Running the function:

Sample <- join_qw_uv(qw_data = qw_data,
                     uv_flow_qw =  uv_flow_qw2, 
                     hour_threshold = 24,
                     join_by_qw = "ActivityStartDateTime",
                     join_by_uv = "dateTime",
                     qw_val_uv = "qw_val_uv",
                     qw_rmk_uv = "qw_rmk_uv",
                     flow_val = "X_00060_00000",
                     flow_rmk = "X_00060_00000_cd")

In addition to the standard Sample output, you’ll get:

Column Description
uv_dateTime The date time from the uv data that was closest to the qw data.
qw_dateTime The date time from the qw data frame.
delta_time The difference in time in hours.
qw_val_uv The water-quality uv value that was closest to the qw data.
qw_rmk_uv The water-quality uv remark that was closest to the qw data.
flow_uv The flow value closest to the qw data.
flow_rmk_uv The flow remark closest to the qw data.

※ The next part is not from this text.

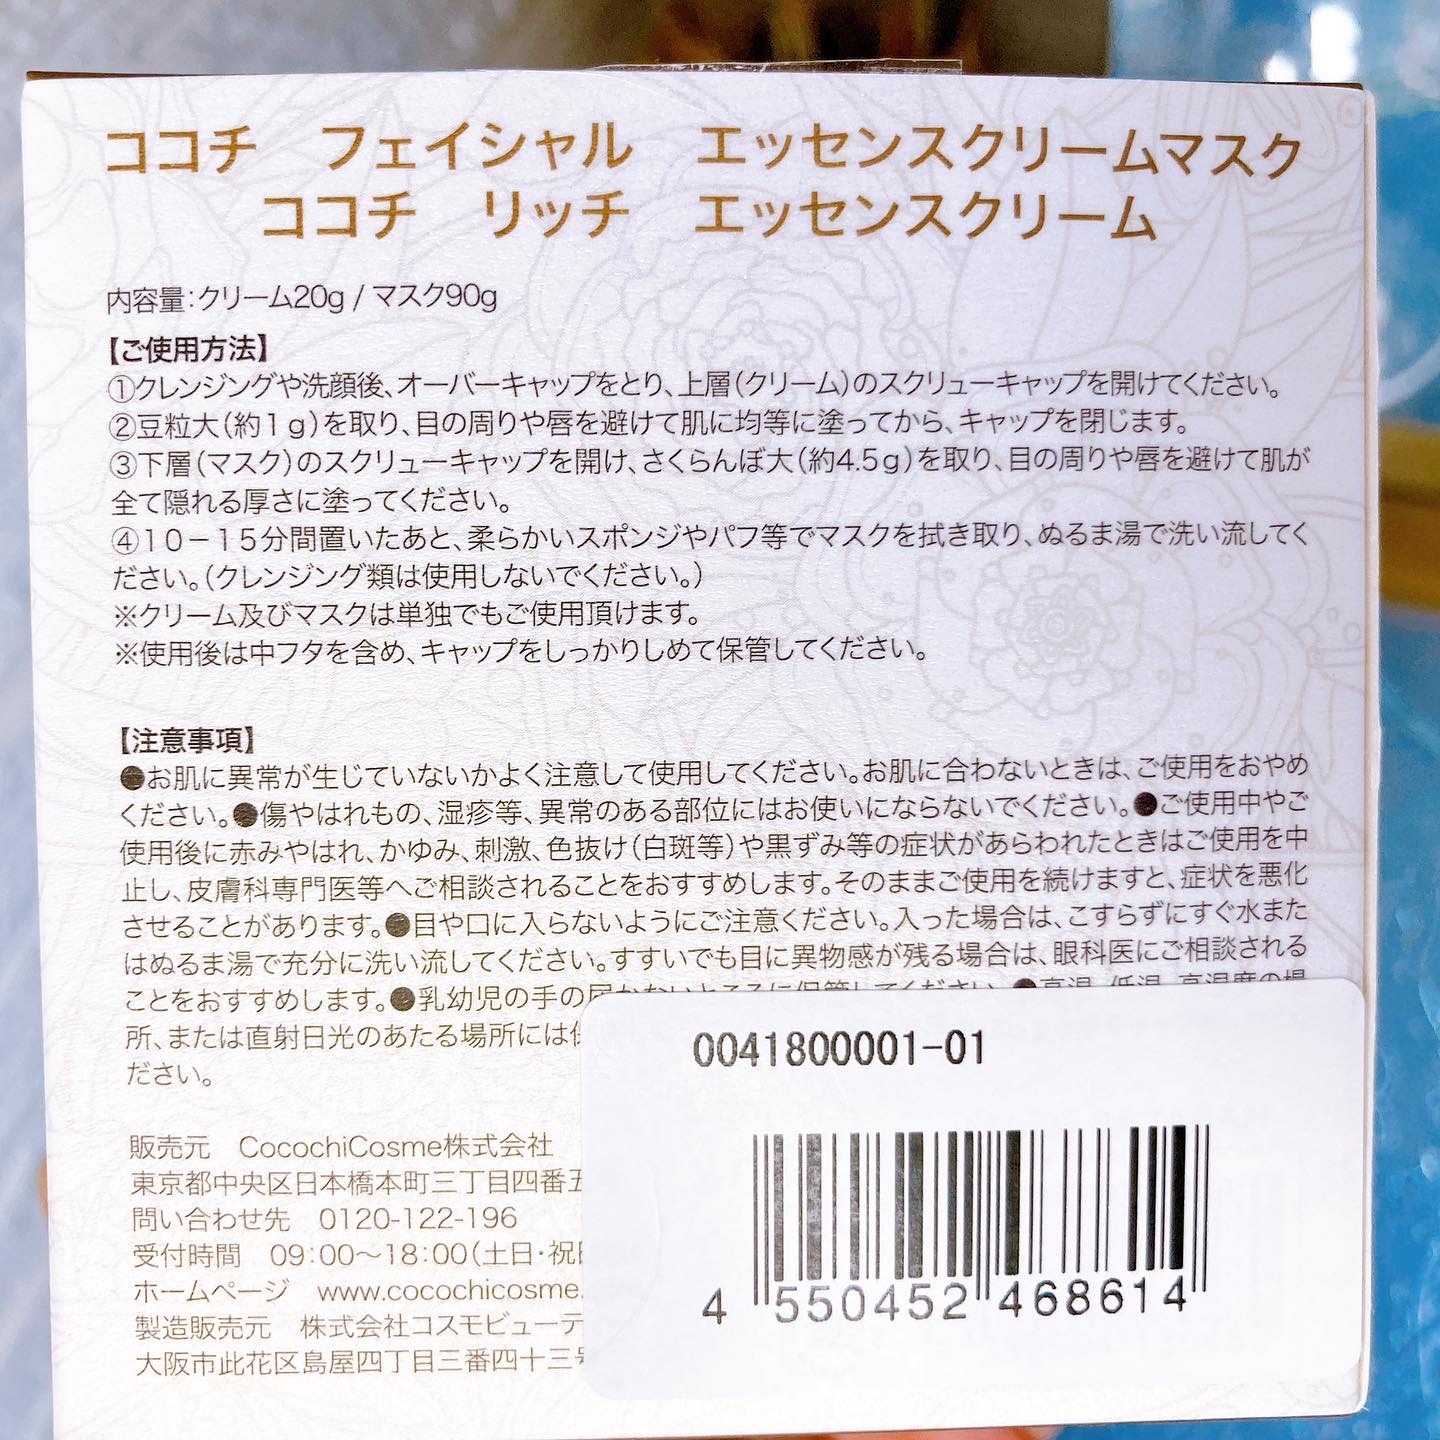 cocochi　cosmeフェイシャルエッセンスクリームマスク90g/4,510円税込を使ったメグさんのクチコミ画像5

Using the function without real-time flow data:

Sample2 <- join_qw_uv(qw_data = qw_data,
                     uv_flow_qw =  uv_flow_qw2, 
                     hour_threshold = 24,
                     join_by_qw = "ActivityStartDateTime",
                     join_by_uv = "dateTime",
                     qw_val_uv = "qw_val_uv",
                     qw_rmk_uv = "qw_rmk_uv",
                     flow_val = "",
                     flow_rmk = "")

Using the function without real-time qw data:

Sample3 <- join_qw_uv(qw_data = qw_data,
                     uv_flow_qw =  uv_flow_qw2, 
                     hour_threshold = 24,
                     join_by_qw = "ActivityStartDateTime",
                     join_by_uv = "dateTime",
                     qw_val_uv = "",
                     qw_rmk_uv = "",
                     flow_val = "X_00060_00000",
                     flow_rmk = "X_00060_00000_cd")